— Вы всегда обедаете с ней порознь? — спросил его Хейнц.
— С кем? — растерялся Скинто.
— С Жюстин. Вашу девушку ведь зовут Жюстин, верно?
— Верно, — Скинто нахмурился, пытаясь вспомнить, о чём спросил его Хейнц прежде.
— Обычно они обедают вместе, — ответил за него Лари Эншо.
— Почему сейчас вы не с ней? — спросил Хейнц Скинто.
«Да, точно, чёрт возьми. Почему?» — подумала Жюстин.
— Что значит, почему? — спросил Скинто, даже не пытаясь скрыть, что относится к этому разговору так, словно в вопросе скрыт какой-то подвох, который он не может понять, но чувствует.
— Только не говорите, что бросили свою девушку лишь потому, что на фабрику приехал писатель, — сказал ему Хейнц.
— Я не бросал.
— Но сидите за столом, за которым сижу я.
— Все сидят за этим столом.
— Не все. Ваша девушка…
— Думаю, она сейчас одна из-за того, что случилось утром.
— А что случилось утром?
— Её разговор с вами… с нами…
— И что не так в том разговоре?
— Ну, как же… — Скинто растерянно уставился на Лари Эншо, ища поддержки, но Эншо молчал. — Она ведь… Она… она разбила репликатор, — сказал Скинто первое, что пришло на ум.
— До этого никто не разбивал репликаторов?

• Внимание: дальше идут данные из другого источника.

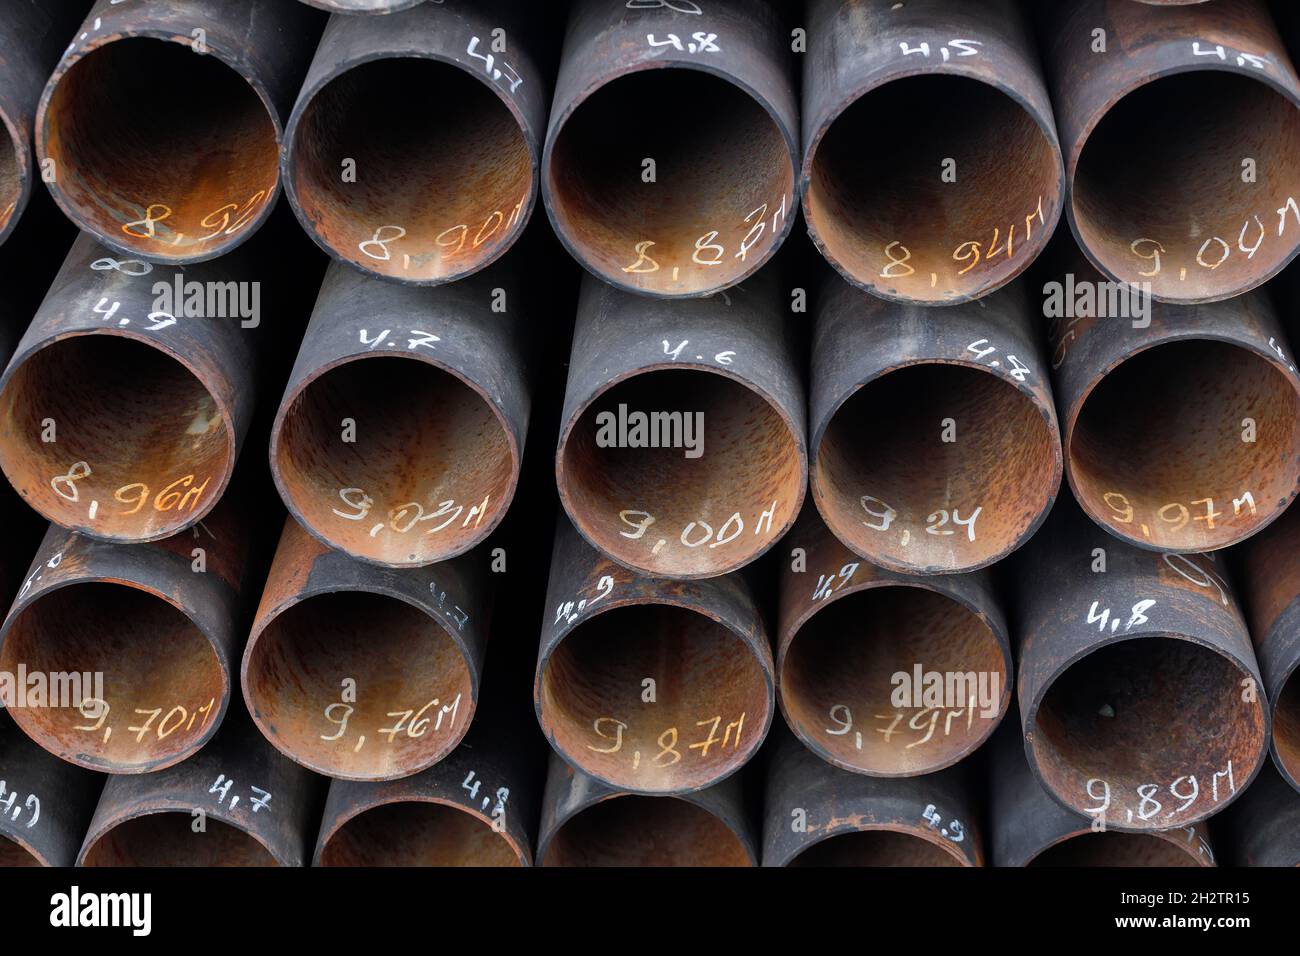 Les tuyaux maetalliques de même diamètre sont bien empilés.Vue des tuyaux depuis l'avant.Contexte pour le fournisseur de produits métalliques. Banque D'Images
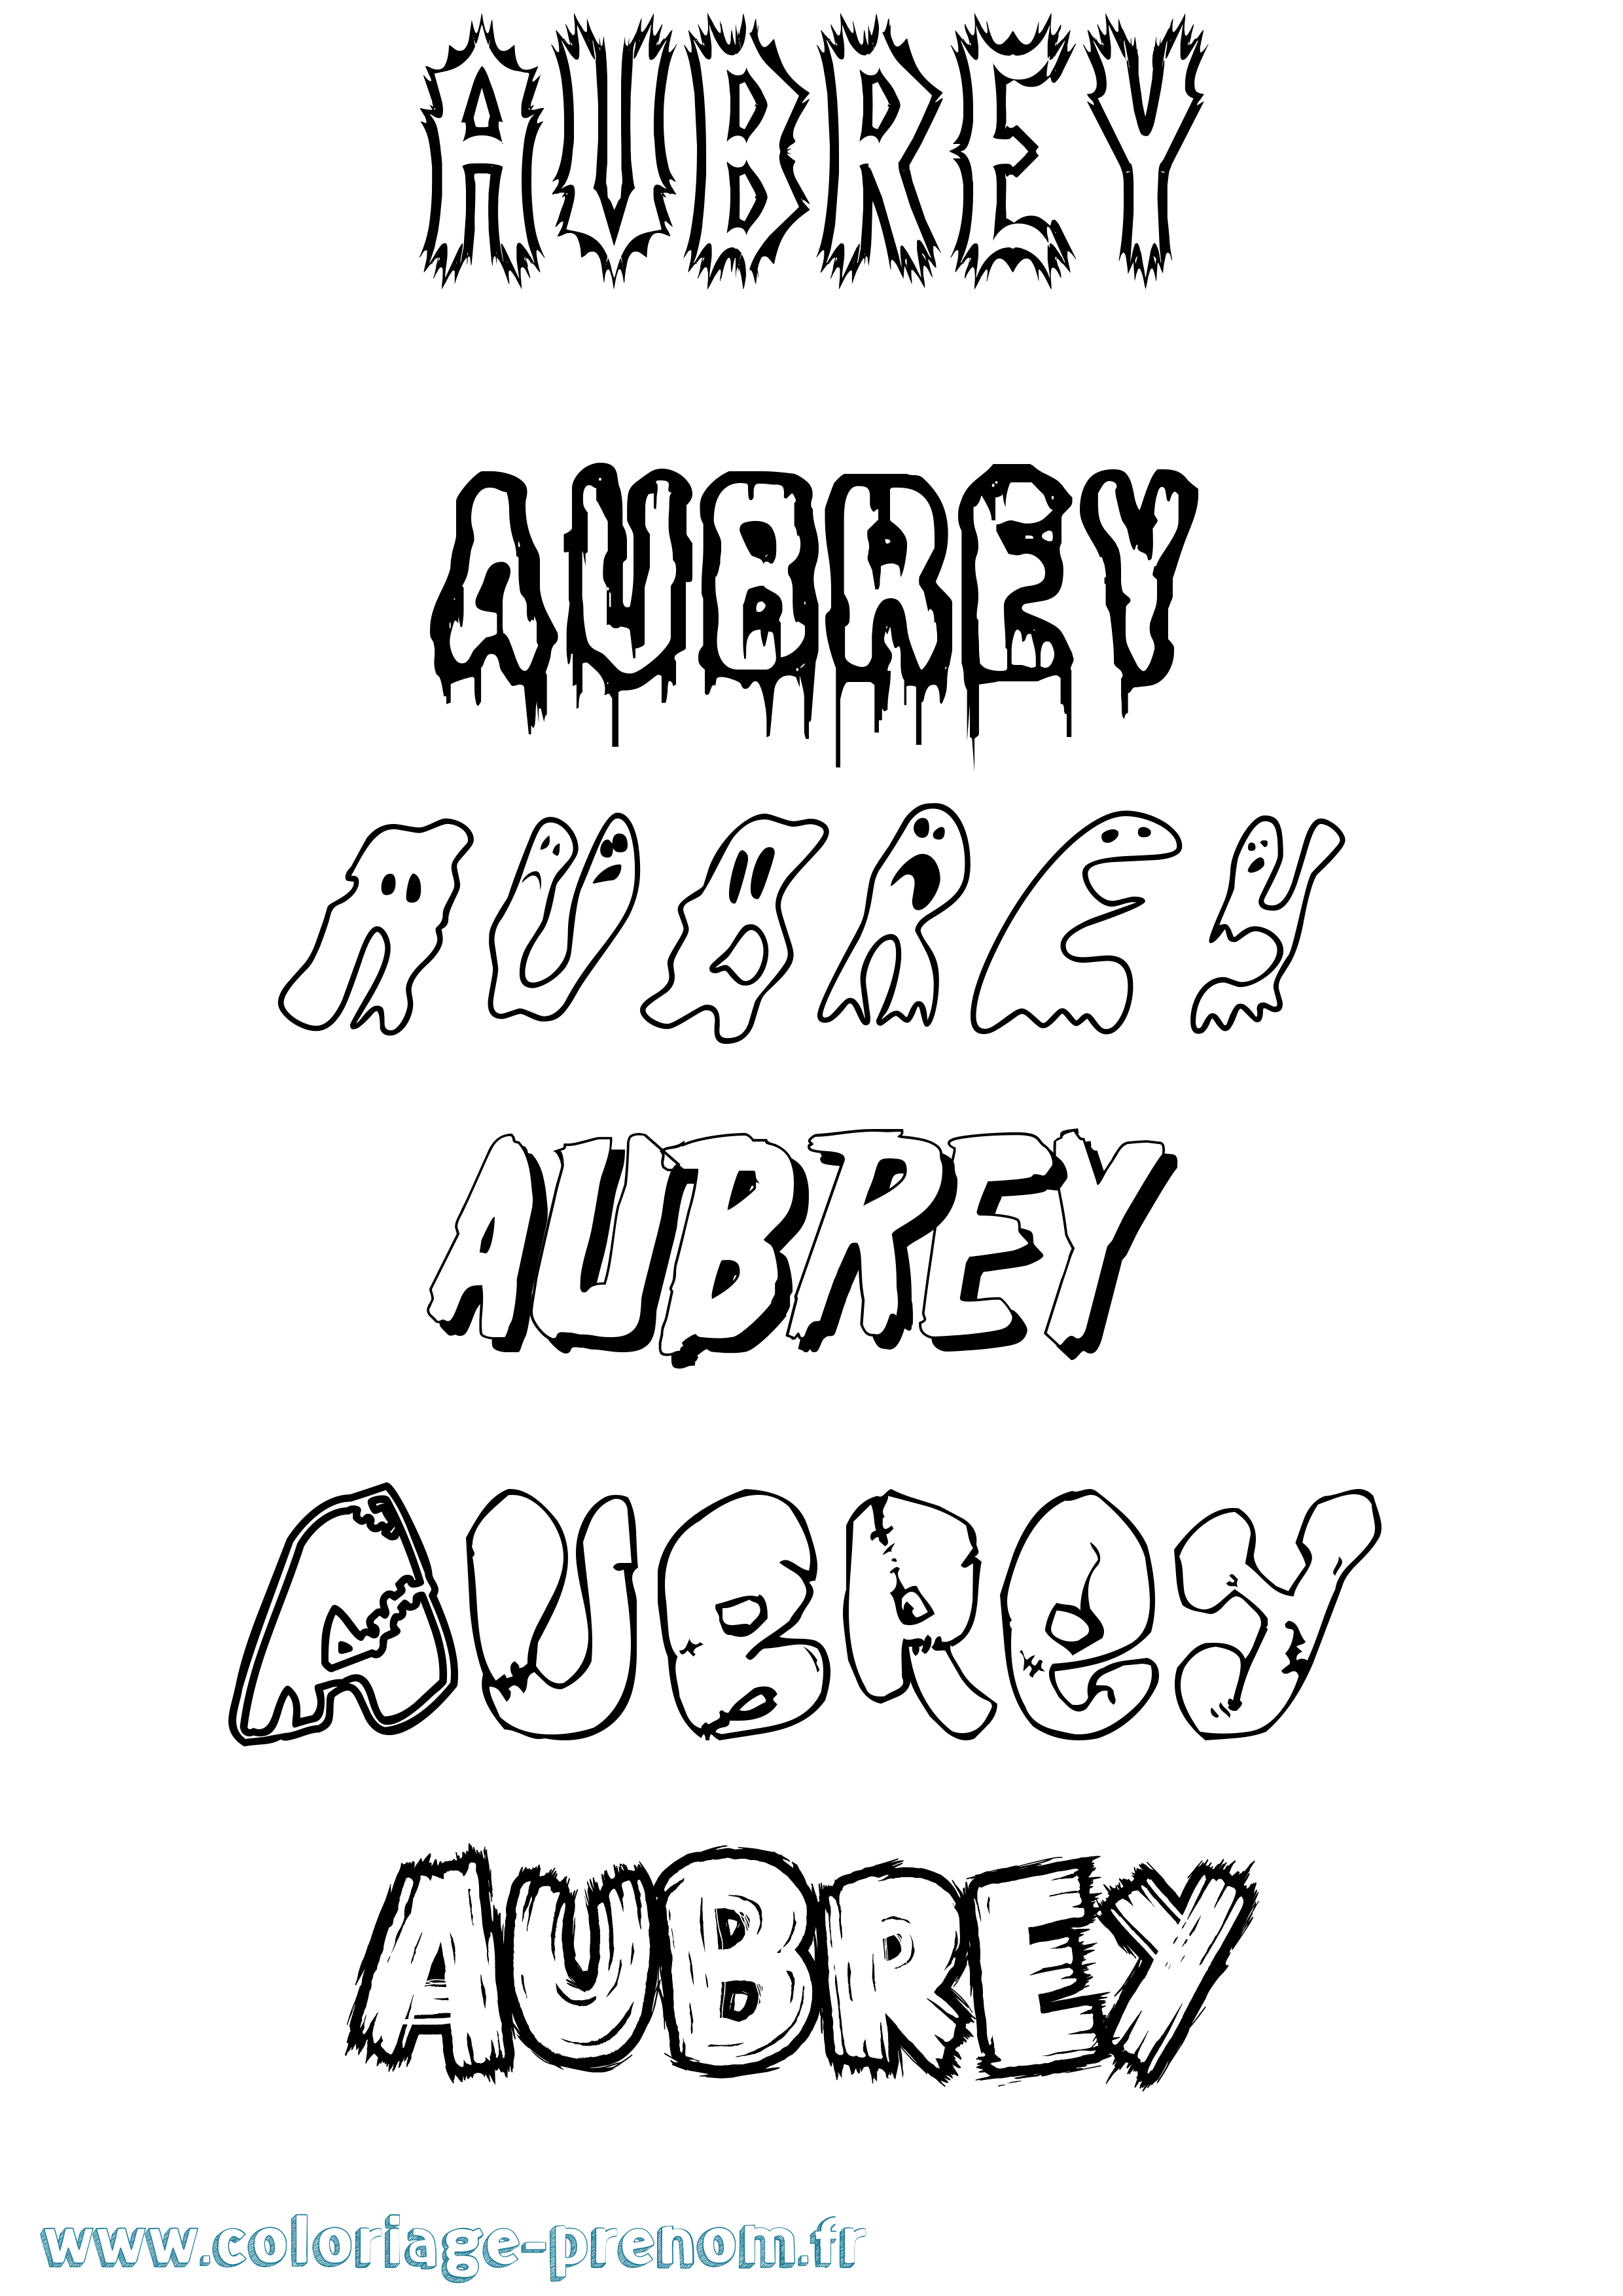 Coloriage prénom Aubrey Frisson

— Разбивали, — Скинто покосился на управляющего. — В смысле, всякое бывает.
— И в наказание вы заставляете этого человека обедать одного? — Хейнц не то издевался, не то злился — понять было невозможно.
— Нет, конечно, — натянуто рассмеялся Скинто, но никто не поддержал его, словно теперь он сам был в одном шаге от того, чтобы стать ренегатом, как прежде стала Жюстин.
— Значит, всё дело во мне? — спросил Хейнц.
— Наверно, — сказал Скинто, решив, что такой ответ будет лучше, чем ещё одна глупая фраза. В конце концов, здесь все плясали под дудку этого писателя. Почему он должен отличаться?
— Печально, что ради меня вы бросили свою девушку, — сказал ему Хейнц.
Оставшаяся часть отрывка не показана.